El costo del ajuste libertario: las familias se endeudan para sostener gastos básicos y crece la morosidad

Por Redacción

Según el último relevamiento económico mensual del Centro de Estudios Económicos y Sociales Scalabrini Ortiz, la mora en los créditos destinados a las familias superó el 12% en mayo de 2026, un nivel que no registraba antecedentes cercanos desde la salida de la Convertibilidad. El estudio vinculó el deterioro del perfil crediticio con la caída del salario real, la reducción del ingreso disponible y el aumento del endeudamiento de los hogares para afrontar gastos cotidianos, producto de la aplicación de la política económica impulsada por la administración libertaria.

El relevamiento señaló que la tasa de irregularidad del crédito familiar pasó del 2,5% en octubre de 2024 al 12,1% en mayo de 2026, lo que representa un crecimiento exponencial de los atrasos en los pagos. El organismo sostuvo que la situación afecta principalmente a los sectores medios y bajos, que recurren al financiamiento para cubrir consumos básicos y servicios ante la pérdida de poder adquisitivo.

El informe del CESO indicó que el deterioro también alcanzó al sistema de billeteras virtuales y plataformas financieras digitales. En ese segmento, la mora considerada «irrecuperable» llegó al 10,8% del total de préstamos otorgados en marzo de 2026, frente al 2,6% registrado a comienzos de 2025. El estudio estimó que cerca de 7 millones de personas quedaron fuera de los parámetros habituales para acceder a nuevos créditos debido a sus niveles de atraso, lo que limita las posibilidades de refinanciación mediante los canales tradicionales.

De acuerdo al informe, una tasa nominal mensual del 5,67% implica un incremento real de la deuda del 3,57% mensual, equivalente a un aumento cercano al 50% en términos reales en un año. En el caso de los proveedores no financieros de crédito, el impacto alcanzaría un incremento real del 180% sobre el monto adeudado. Asimismo, el Centro explicó que el ajuste fiscal aplicado por el Gobierno nacional modificó el equilibrio entre las cuentas públicas y privadas, del mismo modo, evidenció que la reducción del gasto estatal impactó sobre los ingresos del sector privado y obligó a familias y empresas a asumir mayores niveles de deuda.

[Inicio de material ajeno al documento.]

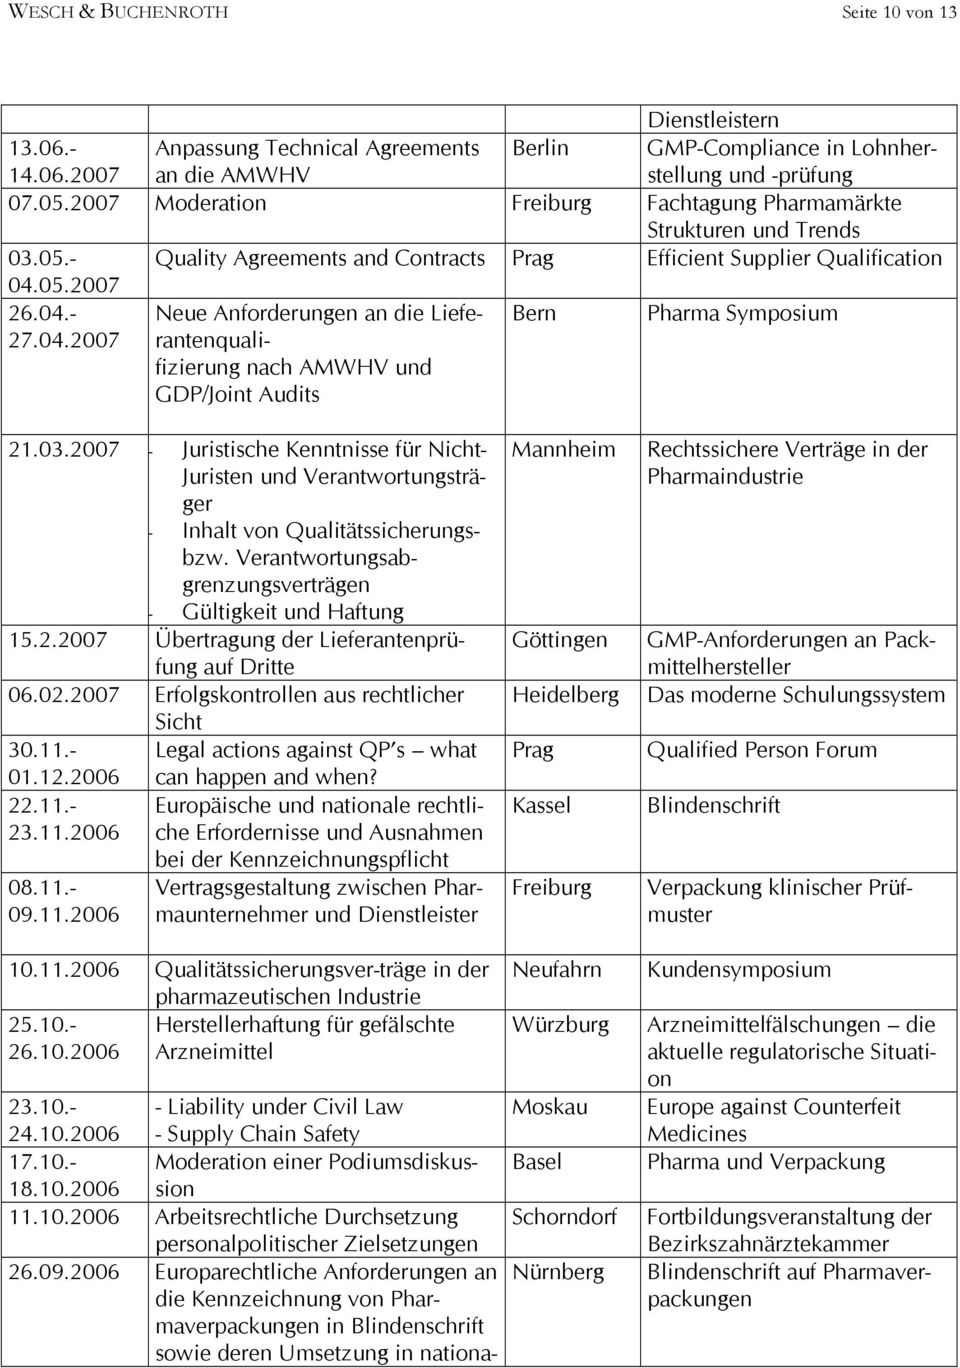 05.2007 26.04.- 27.04.2007 Neue Anforderungen an die Lieferantenqualifizierung nach AMWHV und GDP/Joint Audits Bern Pharma Symposium 21.03.

Para el CESO «el ajuste del Estado no opera en el vacío. Cada peso que el sector público deja de inyectar en la economía mediante el recorte abrupto de sus gastos representa un ingreso que desaparece de forma automática para el sector privado. En este esquema, el equilibrio de las cuentas públicas se está sosteniendo forzando un desequilibrio en los presupuestos de los hogares». En esa línea agregó: «Ante el deterioro de los ingresos (especialmente de empleados públicos, jubilados y trabajadores de la construcción e industria manufactureras), las familias de ingresos medios y bajos se ven obligadas a endeudarse para cubrir sus necesidades básicas de consumo».

El informe confirmó que «la contracción del gasto público empuja al sector privado a sobre endeudarse para subsistir. El Estado mejora su hoja de balance a expensas de deteriorar el patrimonio familiar». Por otro lado, aseguró que «este traslado del déficit hacia las familias choca de frente con un escenario de tasas activas reales fuertemente positivas. Cuando el costo financiero de refinanciar la subsistencia (+3,57% real mensual) supera con creces el crecimiento de los salarios, el colapso de la cadena de pagos, tarde o temprano, se vuelve inevitable».

Por último, afirmó que «el récord histórico de morosidad bancaria (12,1%) y el estallido de la irregularidad en las tarjetas de crédito y plataformas Fintech no son un mero daño colateral transitorio. Son la consecuencia directa y matemática de un modelo macroeconómico que busca «sanear» al Tesoro y al Banco Central a costa de asfixiar financieramente a los hogares. Si se sostiene el ajuste fiscal y la liberalización de las tasas de interés en máximos reales, es difícil pensar que la expansión del consumo pueda sostenerse de cara al próximo año electoral».